### DATA SUPPLIED

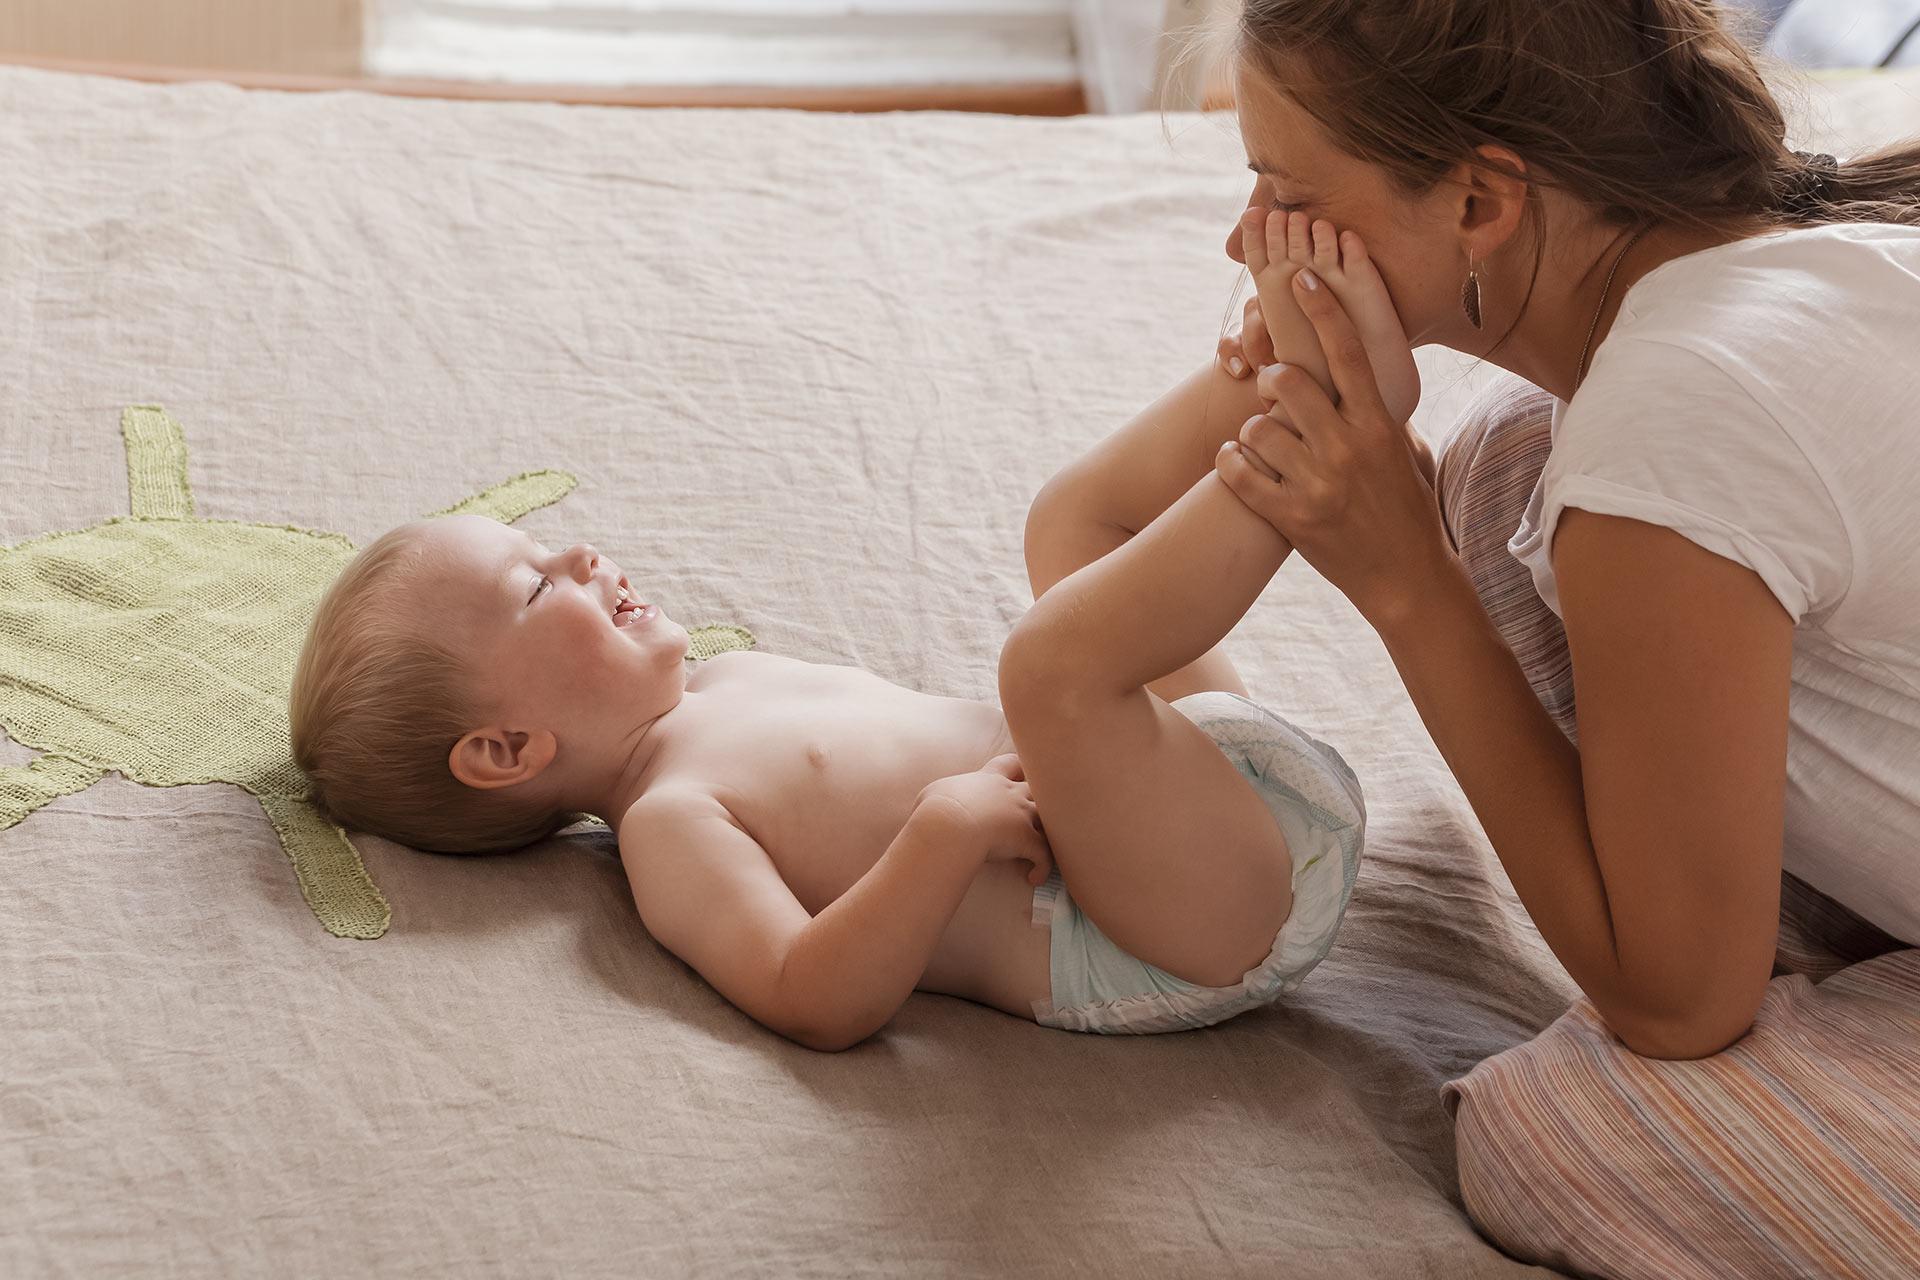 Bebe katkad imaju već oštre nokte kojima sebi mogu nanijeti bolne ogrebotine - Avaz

---

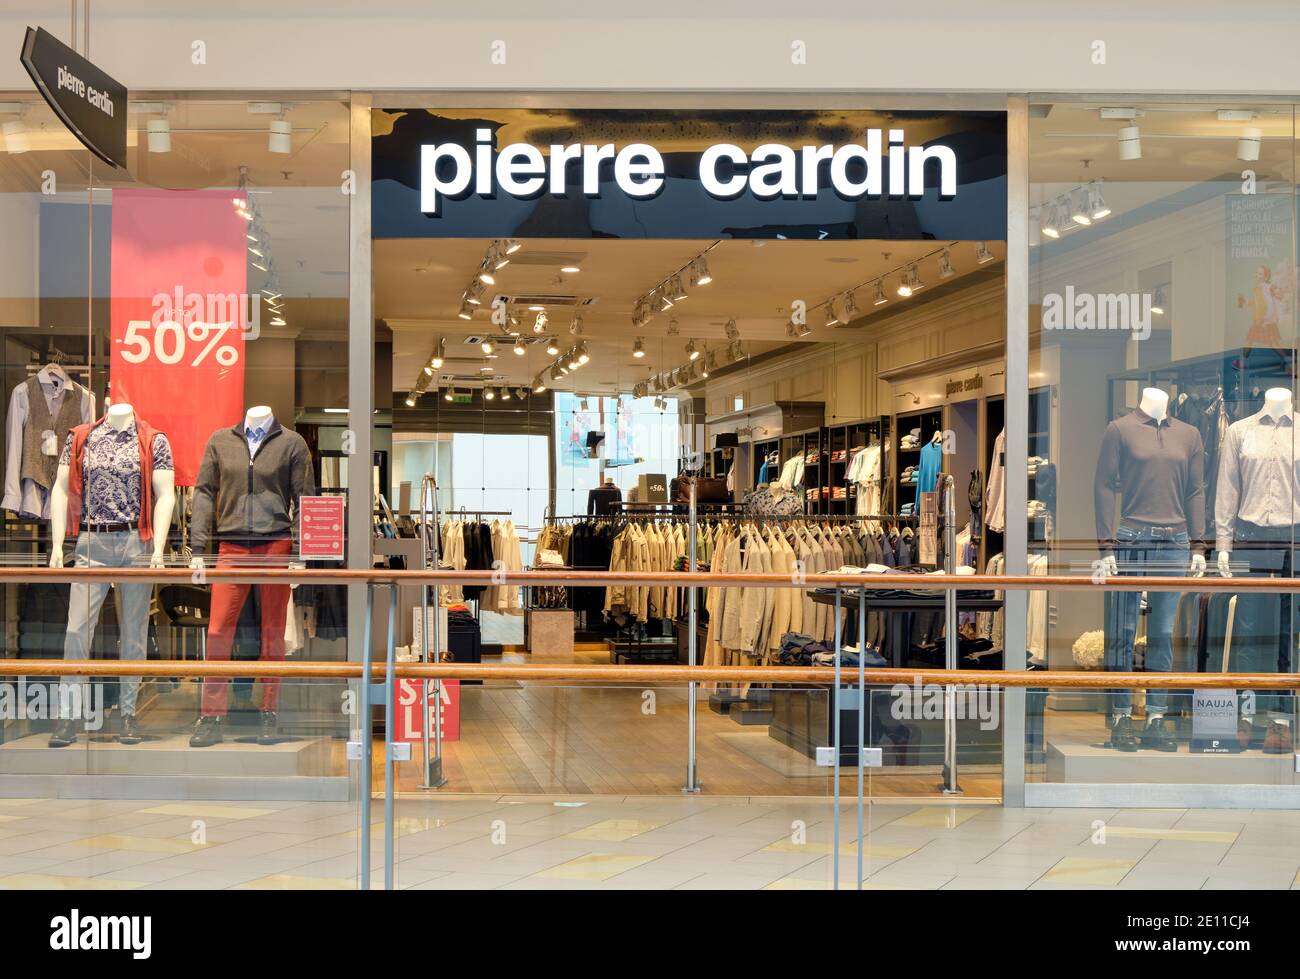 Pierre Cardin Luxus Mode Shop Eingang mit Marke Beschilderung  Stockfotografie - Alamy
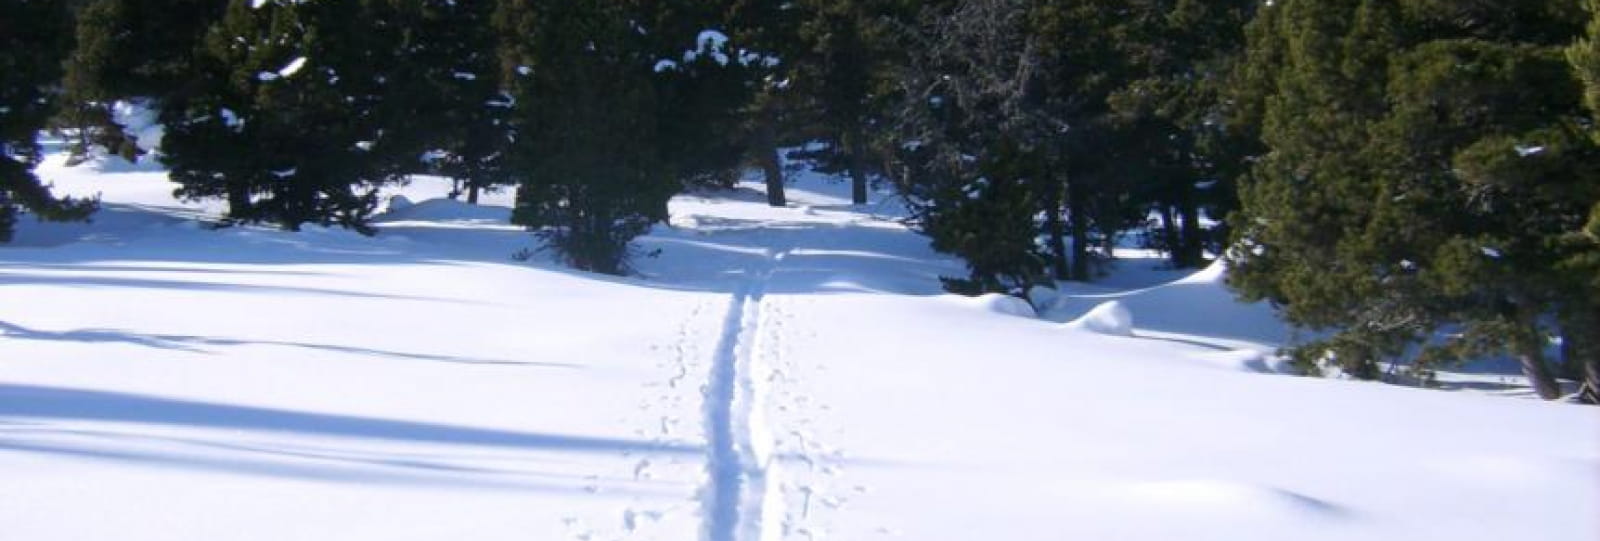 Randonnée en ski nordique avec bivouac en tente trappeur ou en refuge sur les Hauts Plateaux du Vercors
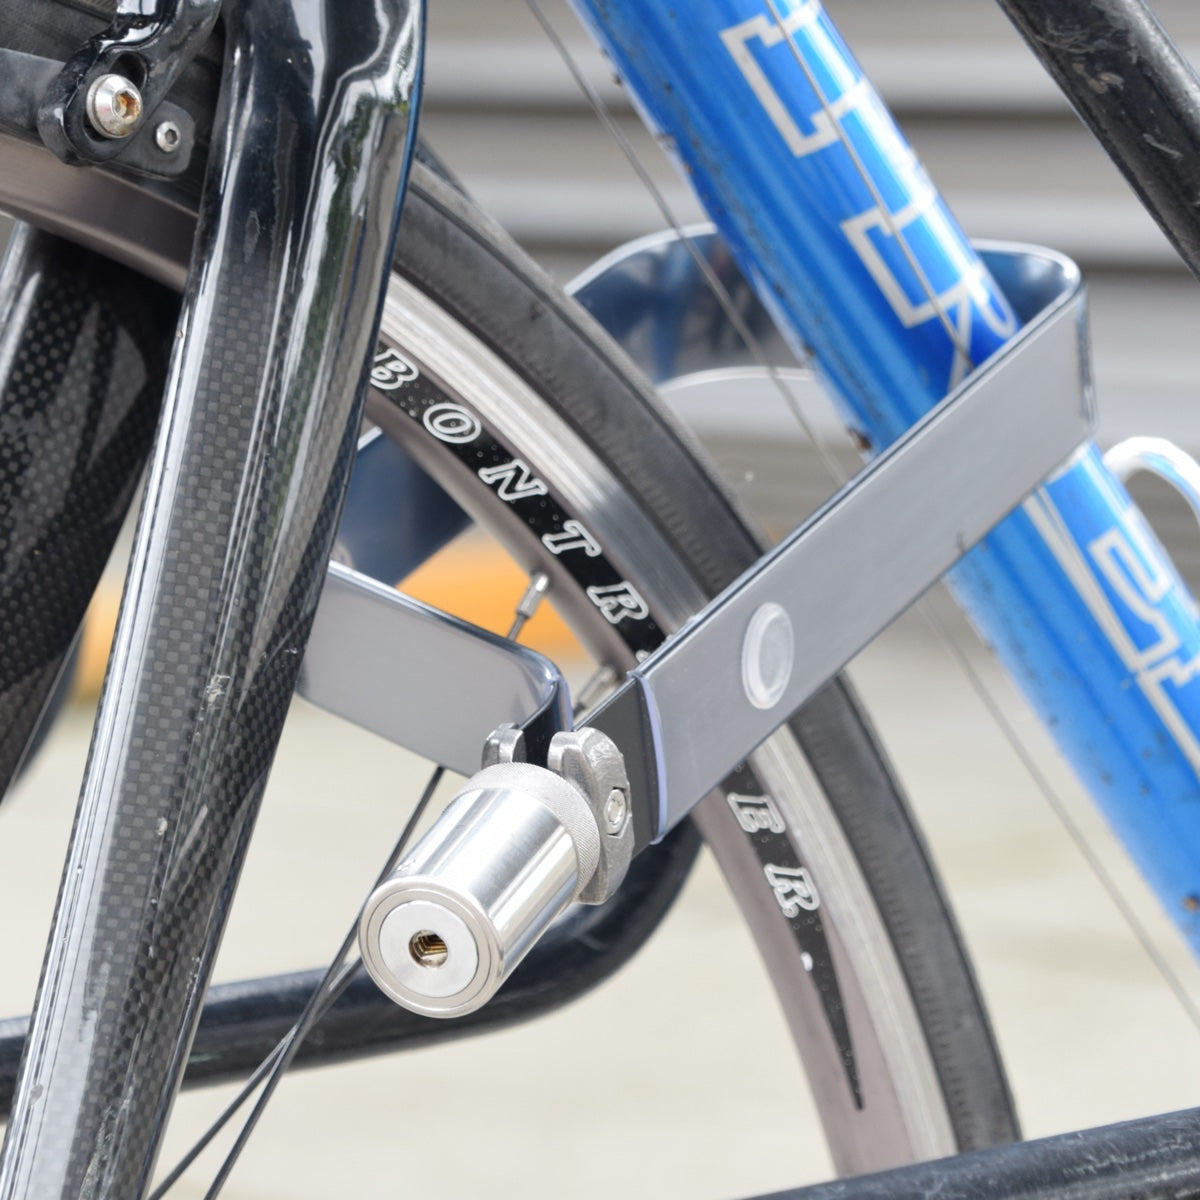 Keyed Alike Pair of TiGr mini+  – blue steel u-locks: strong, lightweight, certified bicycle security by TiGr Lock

### EXERCISE INSTRUCTIONS
Above are the records; return the lines in them from the one with "Pierre Cardin Luxus" to the one with "Keyed Alike Pair", inclusive, exactly and without images.

### ANSWER BOX
 Pierre Cardin Luxus Mode Shop Eingang mit Marke Beschilderung  Stockfotografie - Alamy
 Randonnée en ski nordique avec bivouac en tente trappeur ou en refuge sur les Hauts Plateaux du Vercors
 Keyed Alike Pair of TiGr mini+  – blue steel u-locks: strong, lightweight, certified bicycle security by TiGr Lock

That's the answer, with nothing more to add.